When deleting an id/class, grep the repo for the name before deciding what to do with it:
- Zero consumers: delete it, don't rename it.
- Consumers exist: either update them, or leave the hook in place — the consumers are the reason it earns its spot in the markup.
ViewComponent rules
This project uses the ViewComponent gem to render components.
- Prefer view components to partials.
- Generate a new view component with
rails generate component ComponentName argument1 argument2.
- View components must initialize with keyword arguments. Everything the component needs must be passed in explicitly by the caller — never reach into controller state from inside a component (e.g.
controller.instance_variable_get(:@bike)). If the component needs @bike, the caller renders Component.new(bike: @bike).
- In view components, use instance variables directly — don't add
attr_reader/attr_accessor. Reference @foo everywhere, including in the template (@current_user, not current_user).
- In ViewComponent templates, use the
helpers. prefix for view helpers (e.g. helpers.time_ago_in_words).
- Rule of thumb: try the bare call first. Only add
helpers. if it fails with NoMethodError — route helpers (new_bike_path) and ActionView tag/url builders (tag.span, content_tag, link_to) are mixed into ViewComponent::Base directly, so they don't need it.

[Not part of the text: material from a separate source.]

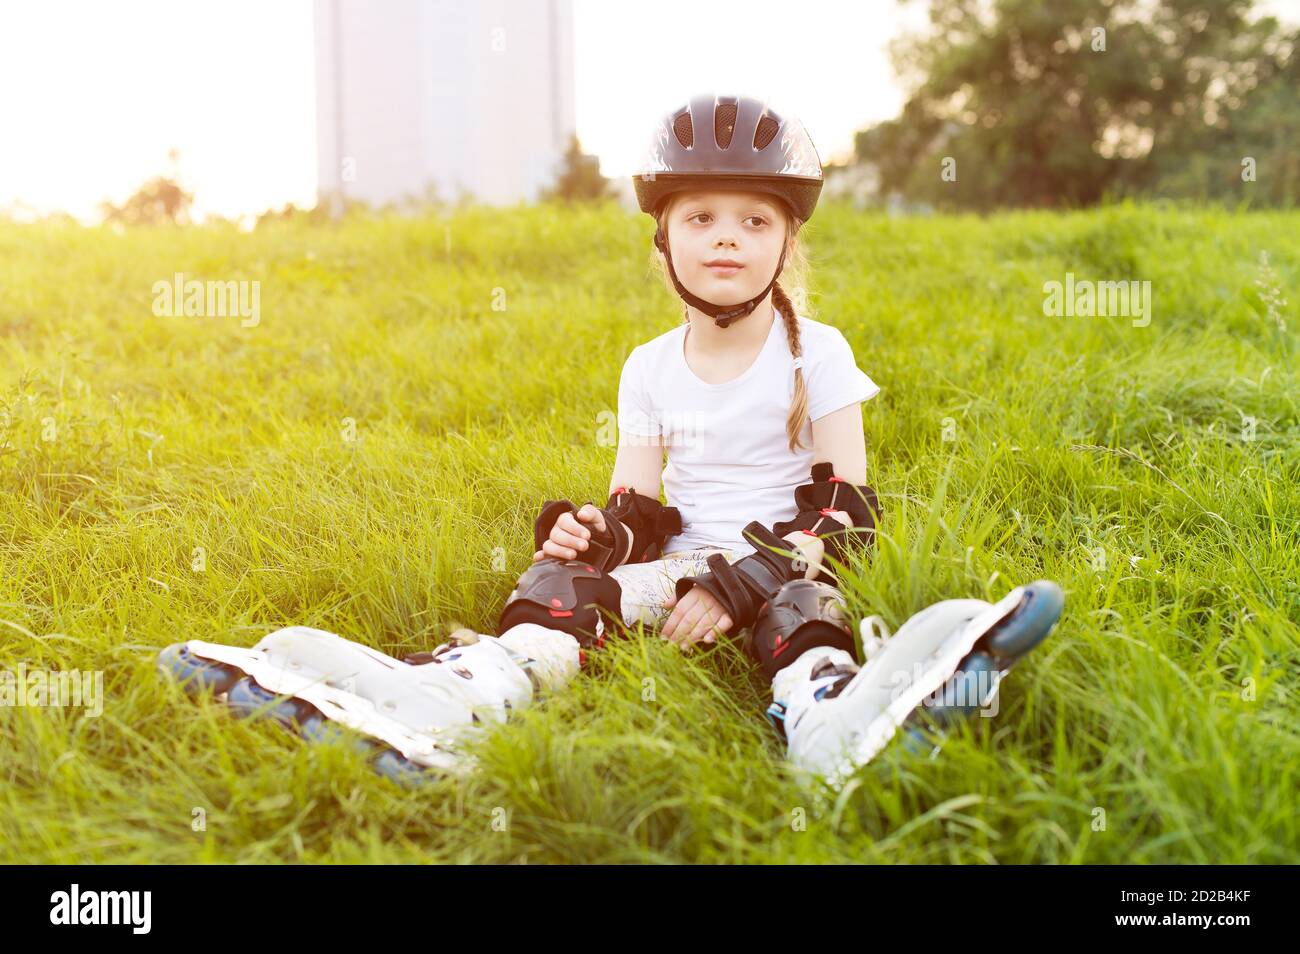 Pretty little girl learning to roller skate at the park Stock Photo

- Never nest a component inside a folder that already holds a
component.rb. Each component lives in app/components/<path>/component.rb (and spec/components/<path>/component_spec.rb); siblings go in sibling folders, not subfolders. If you have search/everything_combobox/component.rb and need a related component, place it at search/everything_combobox_options/component.rb (module Search::EverythingComboboxOptions), not search/everything_combobox/options/component.rb.
- Converting a partial to a component is a faithful move, not a cleanup. Carry the markup over verbatim — including comments and commented-out code. Those lines are often a deliberate stash (a link that's temporarily disabled, a snippet someone expects to restore), so dropping them silently loses intent and surprises the reviewer, who expects the diff to read as "same content, new home." The only changes a conversion should introduce are the mechanical ones the move requires:
t(".x") → translation(".x"), adding helpers. where a helper now needs it, and the like. If you spot something that genuinely looks like dead code worth removing, that's a separate judgment call — raise it with the user or do it in its own commit, don't fold it into the move.
Playwright screenshot filenames
Every mcp__playwright__browser_take_screenshot call must pass a filename: that starts with tmp/ (e.g. tmp/tooltip-hover.png). The MCP tool's default root is the project root — a bare filename like tooltip.png lands in the working tree, shows up in git status, and has to be cleaned up by hand. tmp/ is gitignored, so screenshots there stay out of commits and don't pollute the diff. This rule applies to ad-hoc visual verification, not just PR-screenshot capture.